Quand on atteint une tranche marginale d’imposition (TMI) à 41 %, chaque euro supplémentaire de revenu est lourdement taxé. Pour les investisseurs immobiliers concernés, la rentabilité réelle d’un bien peut rapidement être grignotée par l’impôt… à moins de mobiliser les bons leviers de défiscalisation.
Heureusement, il existe des solutions concrètes et légales pour réduire significativement sa charge fiscale dès l’année suivante, en utilisant des outils éprouvés comme le déficit foncier, le plan d’épargne retraite (PER) ou encore les SCPI fiscales.
Dans cet article, Greenliving vous propose 3 stratégies simples, efficaces et adaptées aux TMI 41 %, pour optimiser votre imposition dès l’année N+1 tout en structurant un patrimoine solide.

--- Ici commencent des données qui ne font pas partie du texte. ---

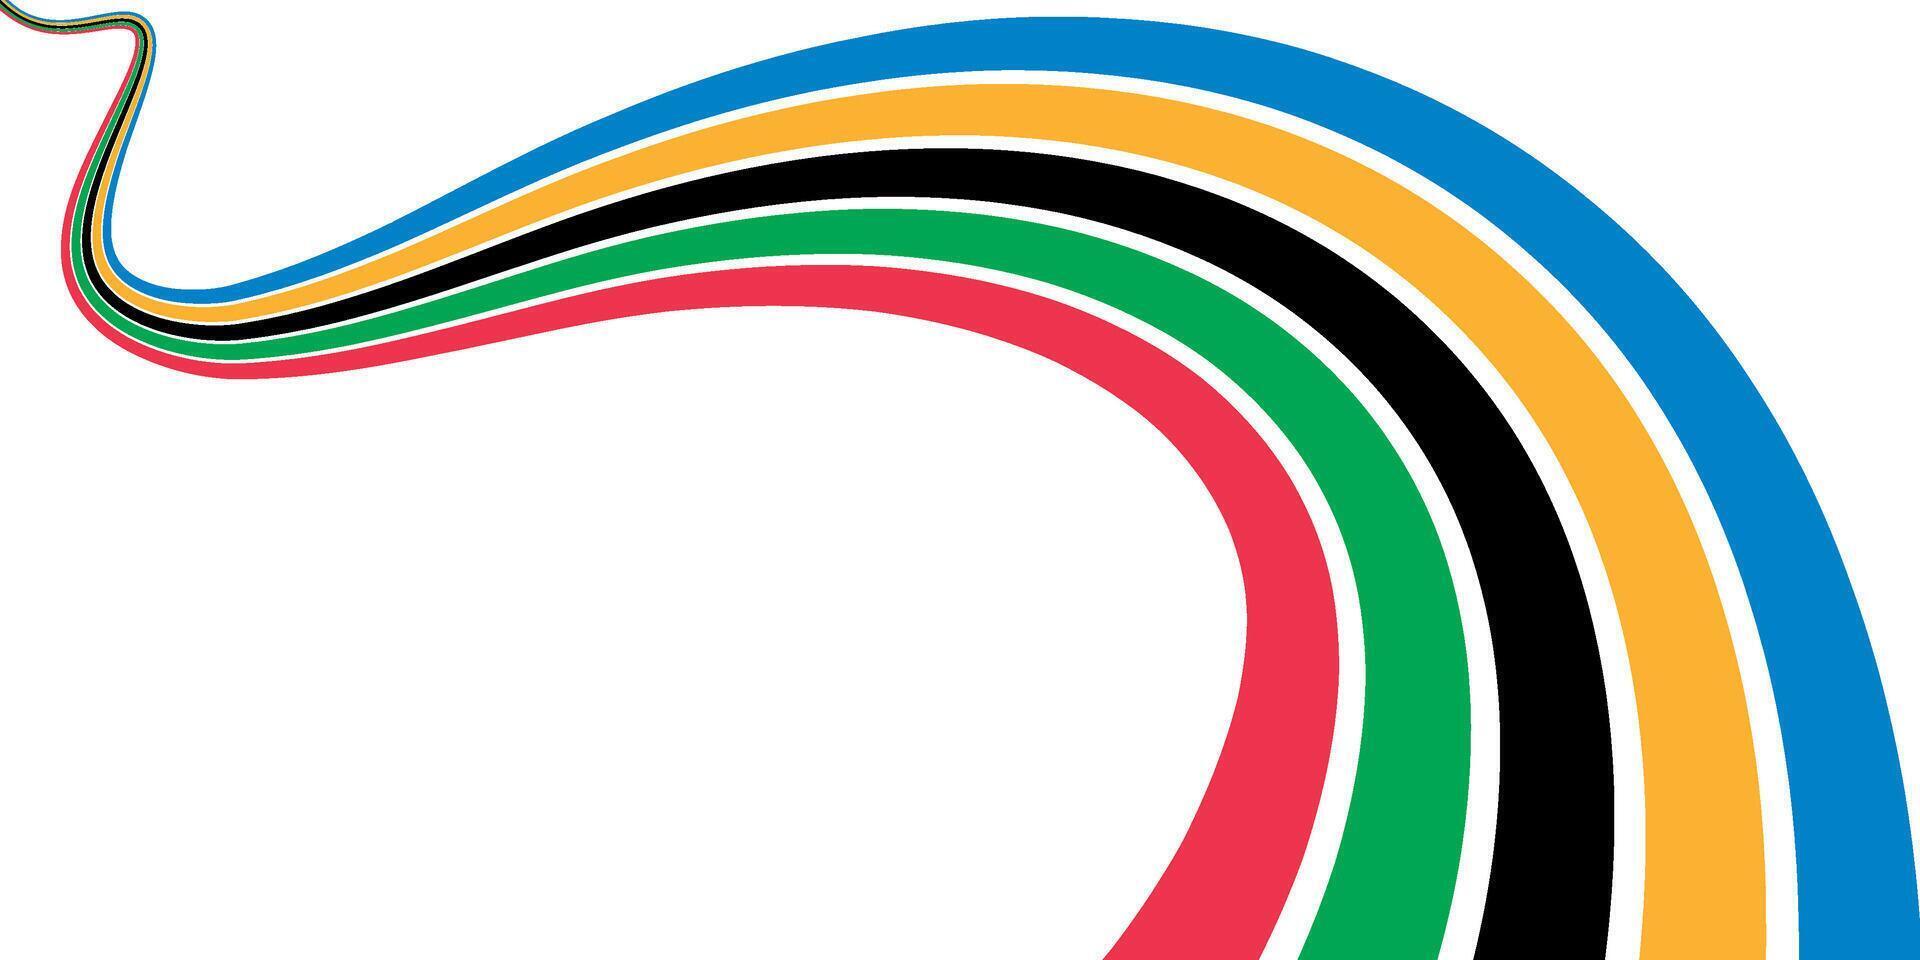 färgad lindning Ränder av de olympic spel, isolerat på en vit bakgrund. olympic spel baner. illustration vektor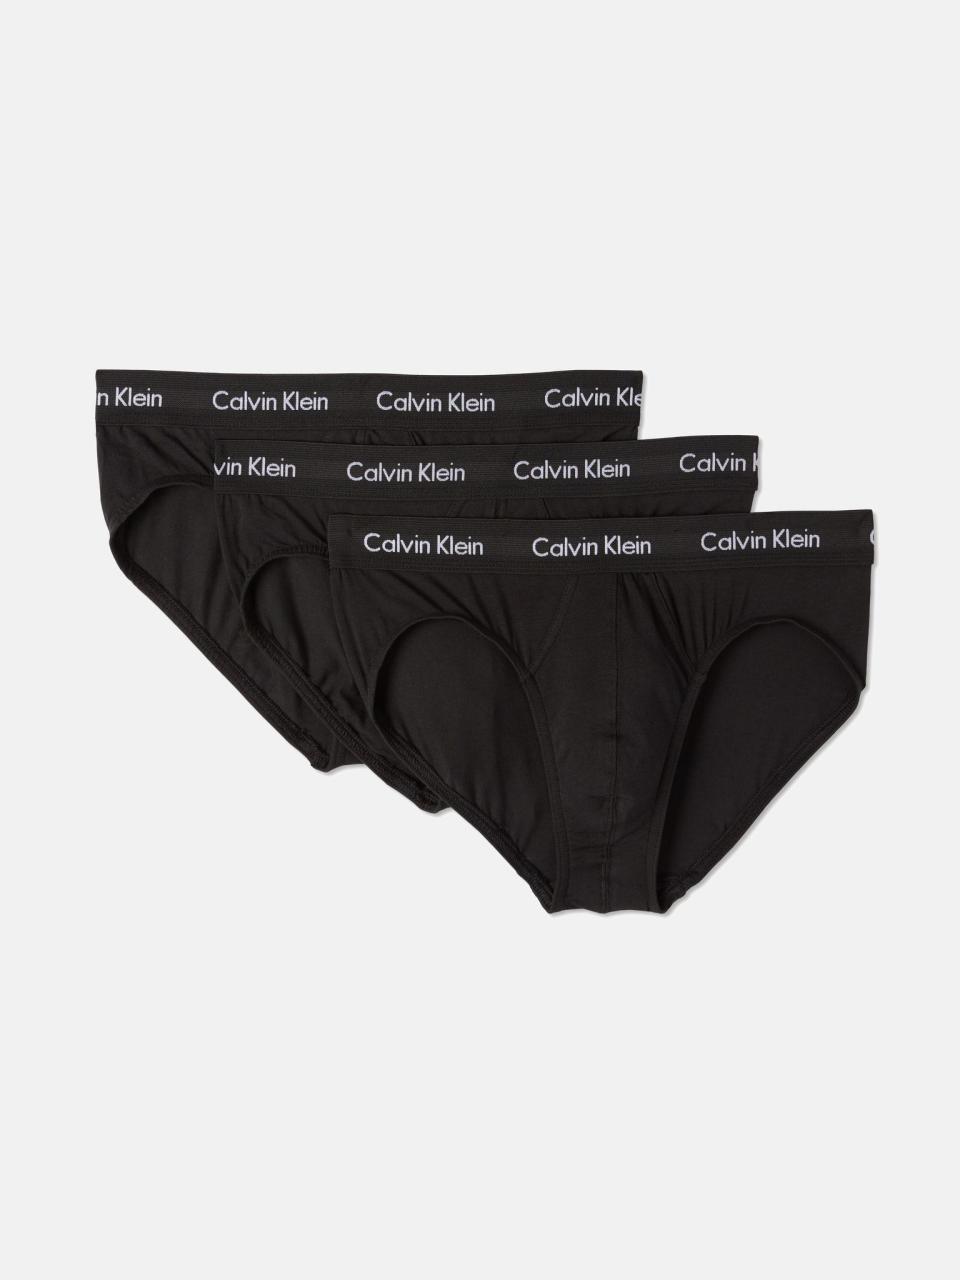 Calvin Klein Cotton Stretch Underwear 3-Pack

Comprendre l’impact d’une TMI à 41 % sur les revenus immobiliers
La Tranche Marginale d’Imposition (TMI) correspond au taux d’imposition appliqué à la dernière tranche de revenus d’un contribuable. En 2025, une personne ayant une TMI de 41 % est considérée comme fortement imposée : chaque euro de revenu supplémentaire est taxé à 41 %, sans compter les prélèvements sociaux de 17,2 %.
Exemple concret : la double peine fiscale des revenus fonciers
Prenons le cas d’un investisseur percevant 10 000 € de revenus locatifs bruts sur un bien loué nu. S’il n’applique aucune stratégie d’optimisation, il sera taxé comme suit :
- Impôt sur le revenu (IR) : 10 000 € × 41 % = 4 100 €
- Prélèvements sociaux : 10 000 € × 17,2 % = 1 720 €
- Imposition totale : 5 820 €, soit près de 58 % du revenu locatif
Sans optimisation, plus de la moitié des loyers perçus partent en impôts. Ce constat pousse naturellement les investisseurs à chercher des mécanismes pour réduire cette pression fiscale, surtout quand les charges sont faibles et que le régime réel est obligatoire.
Pourquoi anticiper dès maintenant ?
La fiscalité immobilière n’est pas figée. Des leviers existent, mais leur efficacité dépend souvent du moment où ils sont activés. Pour espérer un impact fiscal dès l’année N+1 (donc sur la prochaine déclaration), il faut agir dès aujourd’hui : engager les bons travaux, planifier les versements, sélectionner les supports adaptés.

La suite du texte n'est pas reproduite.